This seems altogether too reductionist to me. That isn’t to say that conflict isn’t an important or, perhaps, the most important part to a story but I feel like there’s too many qualifying asterisks or instances “yes, but…” to accept it uncritically. I’ll say that there’s a lot of contrast and framing that complements conflict, among other things, and leave it clumsily and imperfectly at that, because I think what you use to explain yourself is more interesting to dissect right now.

>the vast majority of this conflict is character vs character
A hard disagree from me there. This is certainly true of something like one of the touhou video games, but that’s because it’s necessarily adversarial to function as a game. It is also true in various pieces of media and particularly of styles of media but it is far from a universal truth. Though it’s clear from the rest of what you’re saying that you’re not exactly limiting yourself to simple “man vs man” type conflicts, I’d still say that you’re limiting yourself to a very small part of storytelling.

I do not put this forward as a call towards authority, tradition, or even majority taste, but I encourage you to think of examples of fiction and literature in general that have stuck with you personally and with society at large. Internal conflict, conflict with society/expectations, destiny/nature, etc are indeed the majority of the conflict among the corpus of civilization. This is not to say that character conflict isn’t important or also not there in those works but that they are not really what they are about nor do they necessarily contribute in major fashion to how the plot develops. Think about how most of their scenes/chapters develop. Read passages of books that you like. Often it is the narrator and/or the protagonist that set the tone and how plot progresses with their perception and reaction driving development more than the goals of others.

I hesitate to name actual examples of works because I know tastes and exposure vary and that it may cause the conversation to veer into a useless example-counter-example type exchange. I can expand on this if asked, though.

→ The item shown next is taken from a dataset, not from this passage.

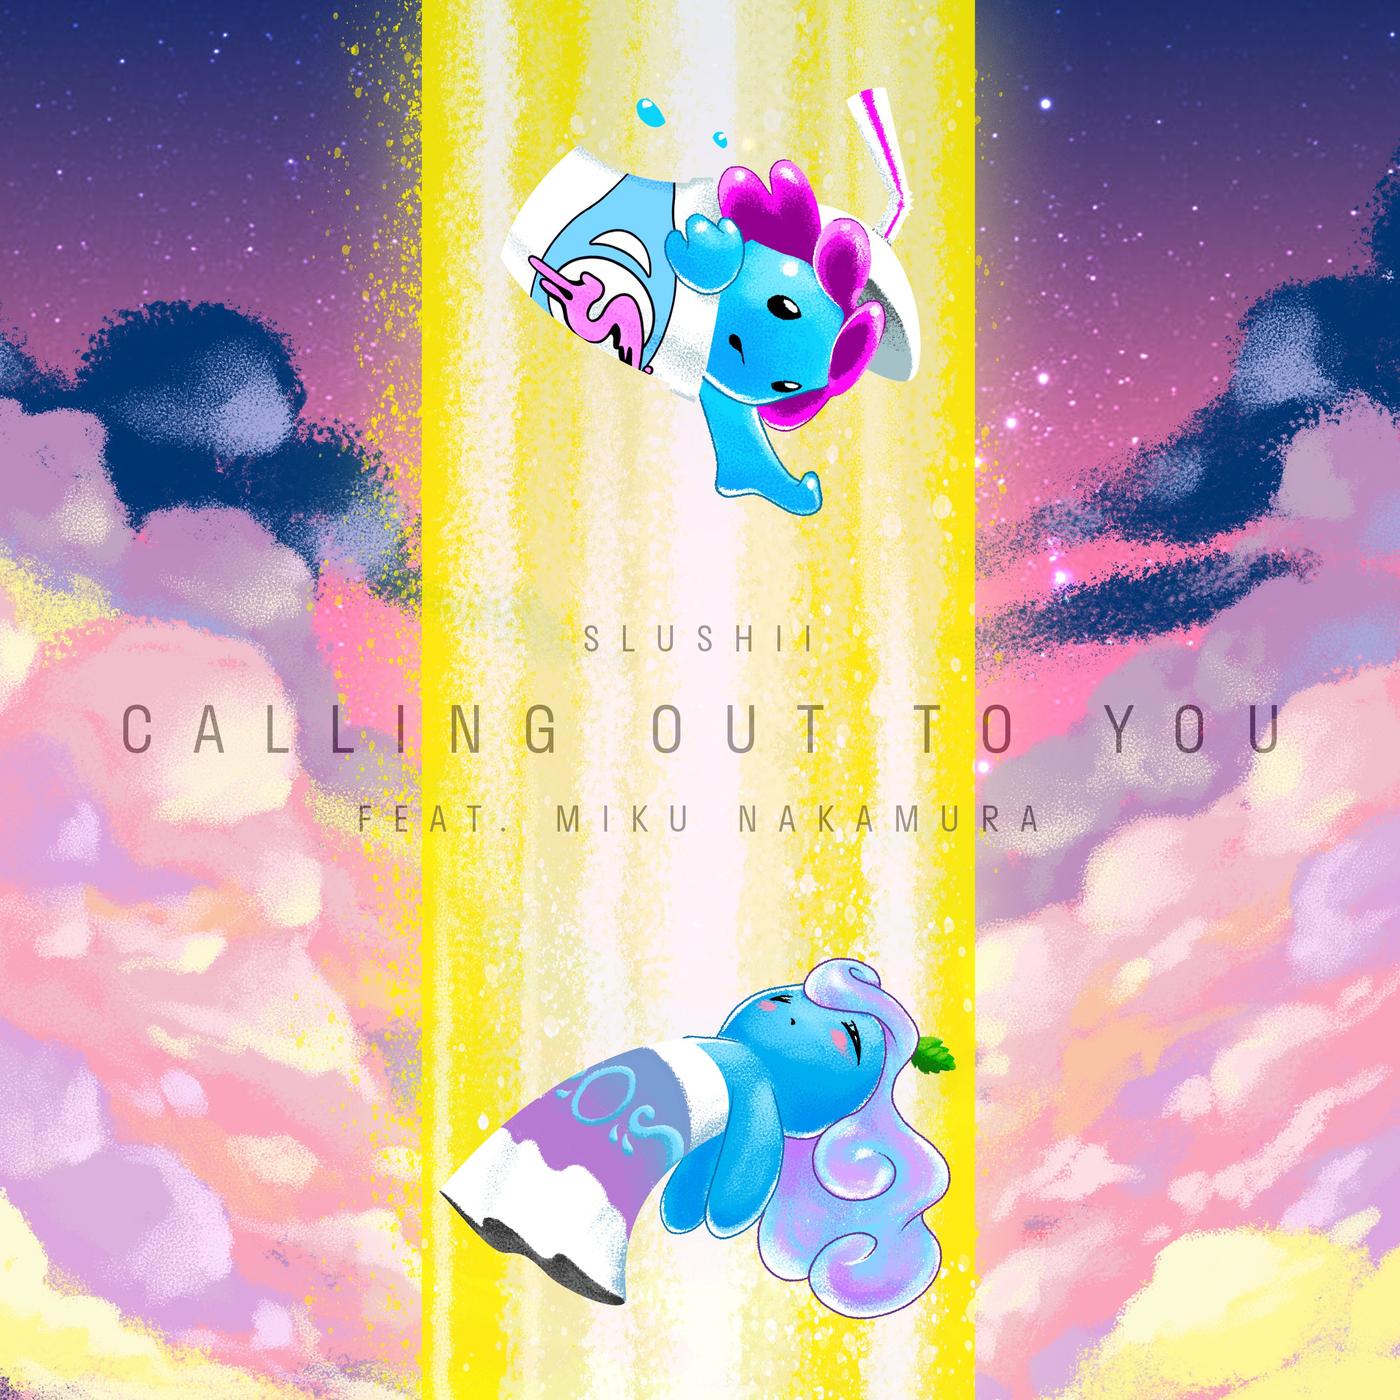 Calling Out to You (feat. Miku Nakamura) [Co shu Nie] - Slushii

It’s also rare to have a large cast being prominent all at once because it gets difficult for the reader to keep track of too much information. A lot of omissions happen and things are glossed over or left open to interpretation. A scene as in your example might well be just following one or two characters with the others engaging in auxiliary roles and being differentiated from a group or the general action as needed. If it is important to explore their own experiences then what books often do is to switch perspective and break up the progression of scenes. I’ll get back to a more general comment in an instant.

But at this point I’ll step back and say that for the purposes of THP, it may definitely seem that what you’ve said is central; many of the stories are showcases for the characters or even slice-of-life and thus seems reasonable that character vs character conflict may be favored. But this seems to me more as a byproduct of the types of stories many have chose to write here—possibly even a recurring habit in in fanfiction—rather than an immutable truth and universal starting point. I think that the serialized tendencies of the works here also lead to favoring that perspective—the urge to feel like “something” is always happening is something I can relate to.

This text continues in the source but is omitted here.